All of this answers my first question: why did writers choose to describe hell as cold? However, this really doesn’t explain why a hot hell is the more popular interpretation. My thought process is that there is this idea of warmth present in God’s Heaven, seen in Milton. Perhaps, since hell is a twisted and wicked place for the wicked, this idea of warmth also gets corrupted, turning from a pleasant temperature to an overbearing and burning sensation. Like I said, conjecture and this post is already too long so I won’t get into it too much, but I wonder if you agree or disagree with this idea–or any of the ideas I presented here!

Bibliography

Henry Preble and Samuel Macauley Jackson. “Document. The Scorn of the World: A Poem in Three Books.” The American Journal of Theology 10, no. 1 (1906): 72–101. http://www.jstor.org/stable/3153862

“St. Paul’s Apocalypse,” in Visions of Heaven and Hell Before Dante, ed. Eileen Gardiner (New York, New York: Italica Press, 1989), 13-46.

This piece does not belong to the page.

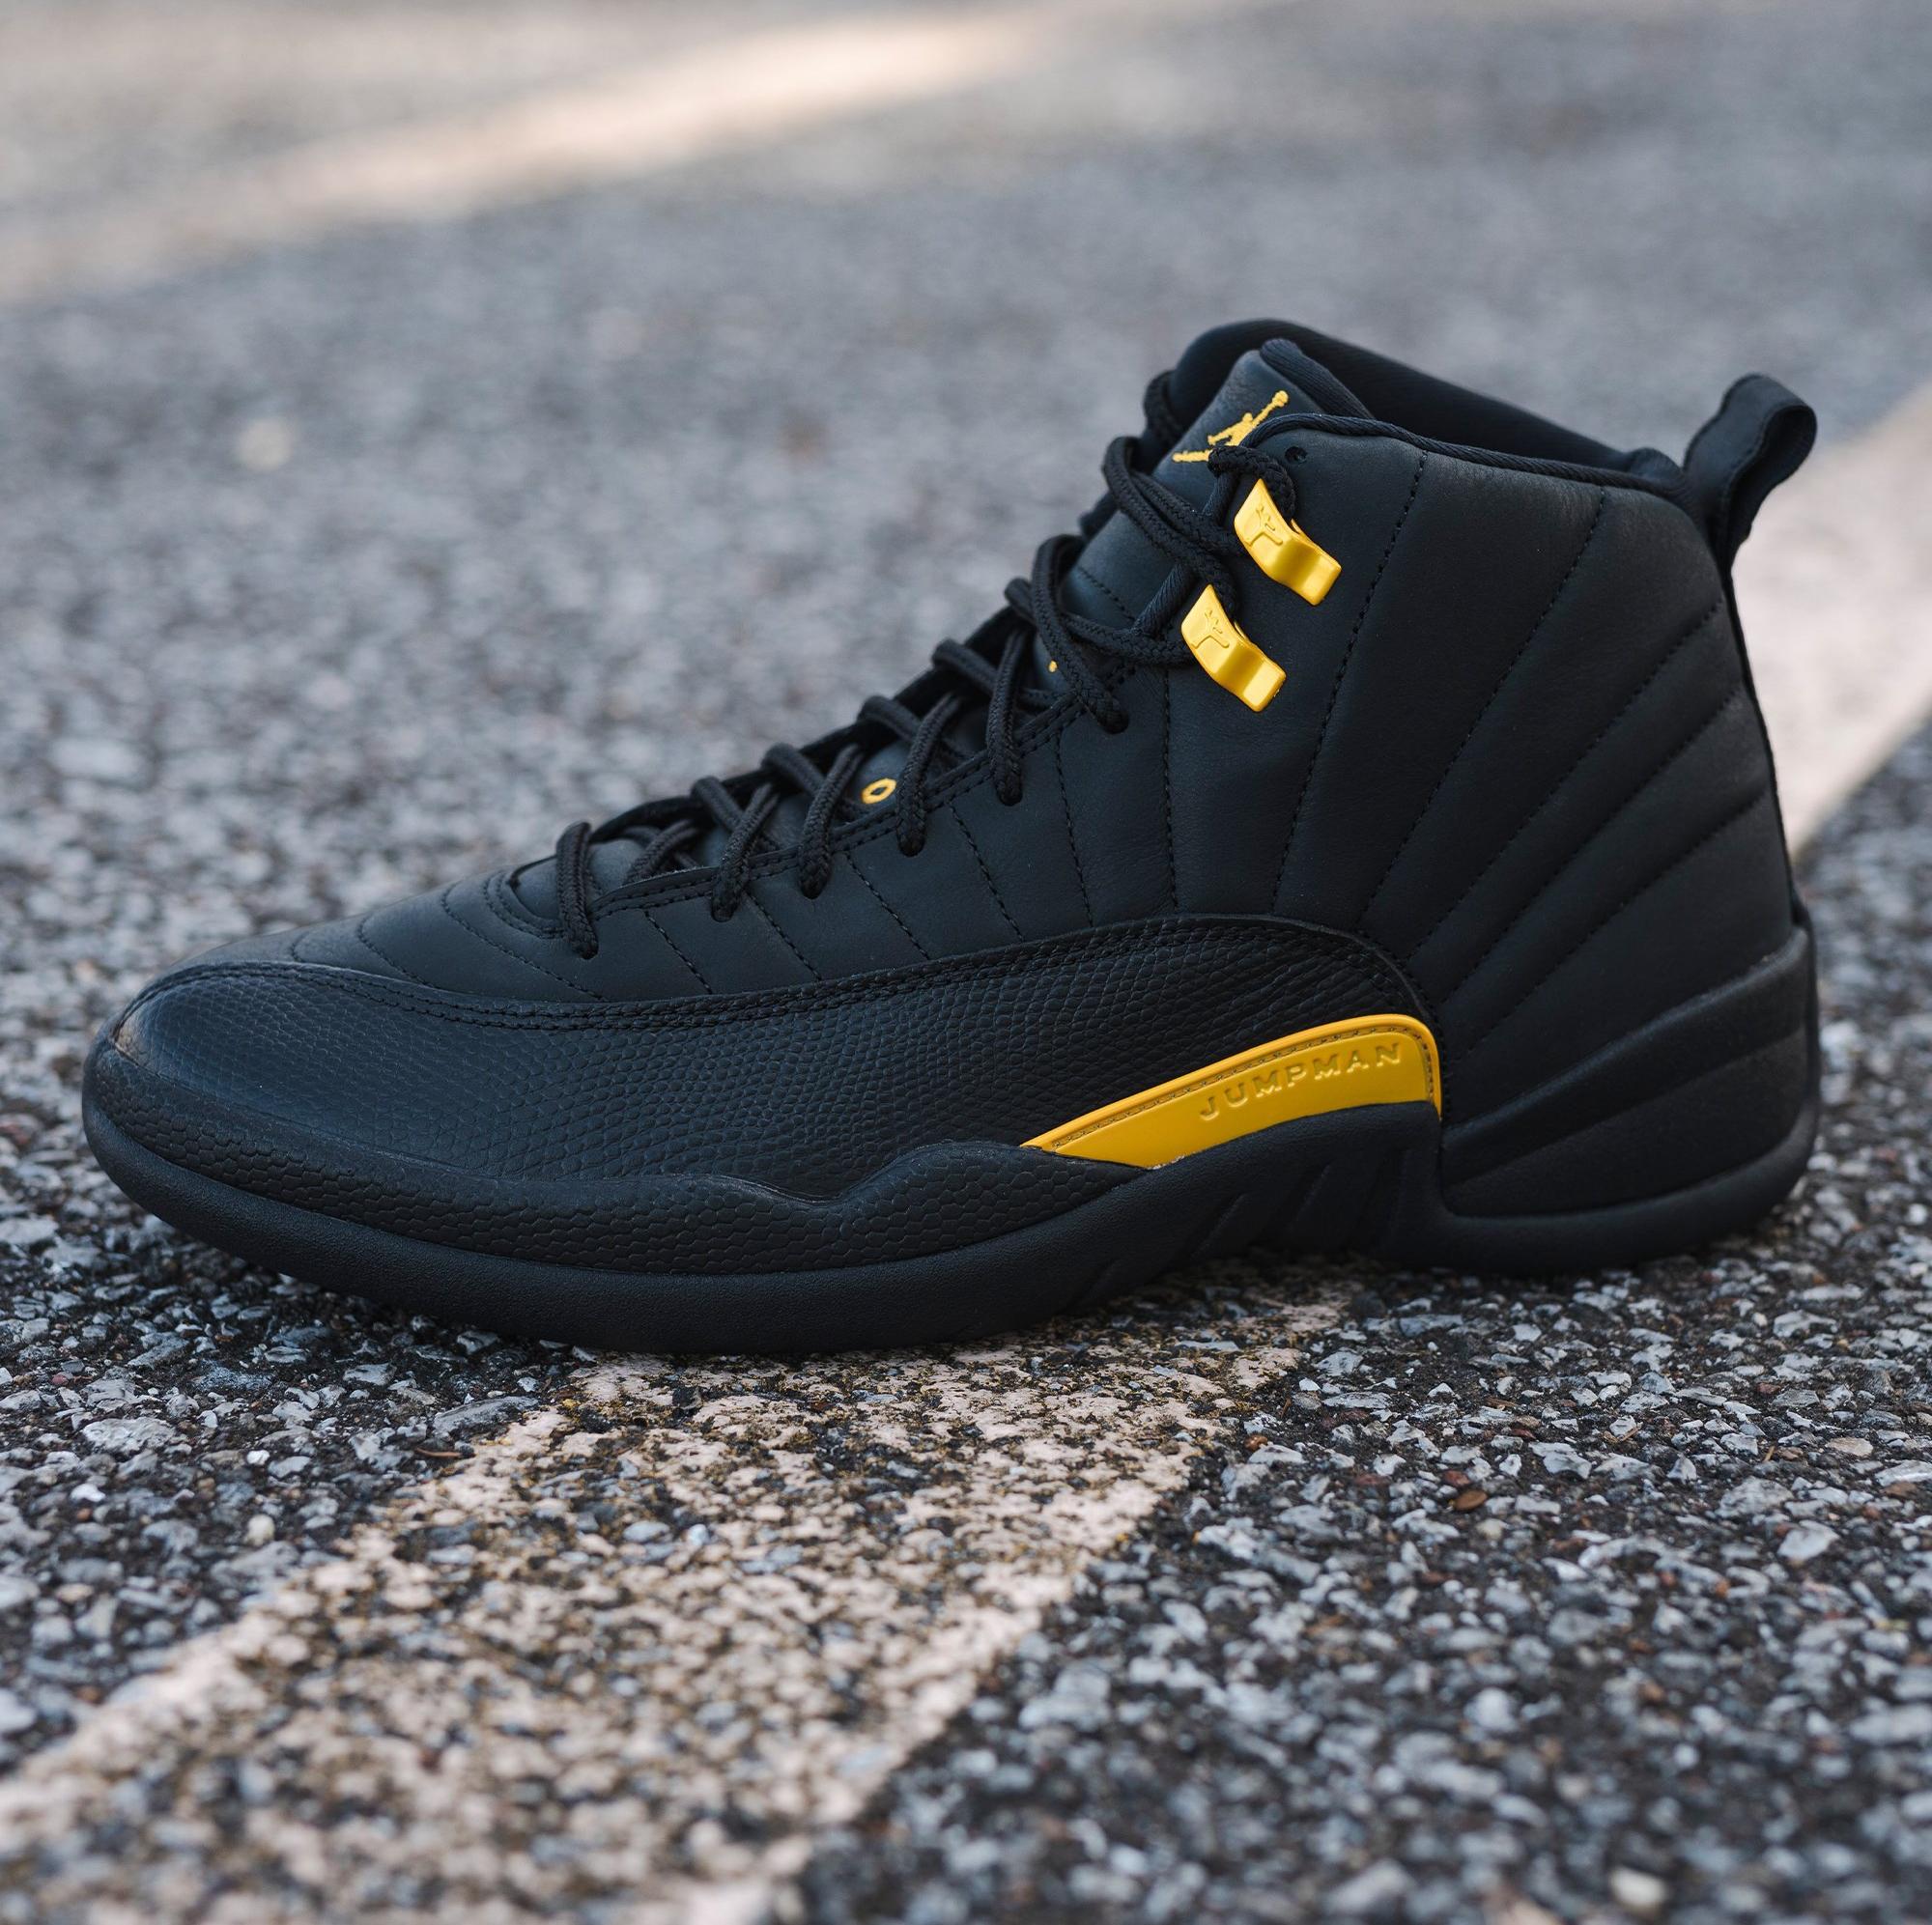 Sneakers Release – Jordan 12 Retro “Black/Taxi”  Men’s & Kids’ Shoe Launching 12/3

“The John Milton Reading Room.” Dartmouth.edu, Dartmouth College, 1997-2021. https://milton.host.dartmouth.edu/reading_room/contents/text.shtml

https://wyomingcatholic.edu/wp-content/uploads/dante-01-inferno.pdf 

5 thoughts on “It’s Cold As Hell

  1. I enjoy the paradoxical descriptions of an “icy-hot” hell. I think these logic- defying descriptions properly describe how awful a place like Hell can be— the evil is beyond our comprehension.

  2. Beautifully said. I can attest to the fact that hell is certainly cold as God sent me there on the early morning (a little or a couple hours past midnight) of October 4th. He banished me there and in my experience there was no sense of time whatsoever. I was stuck in the fetal position naked shivering endlessly and becoming super cold, almost to the point of freezing, with no end in sight. For me, that is what hell was. Me suffering timelessly with an eternal darkness in my background.

    1. It was very traumatic, but necessary. I have since given my life to God and vowed to live His way. And since then, my life has been infinitely better. 💜✝️.
      Thank you for this knowledge as I was extremely confused as to why hell was cold to me, as it goes against all I was taught about hell growing up.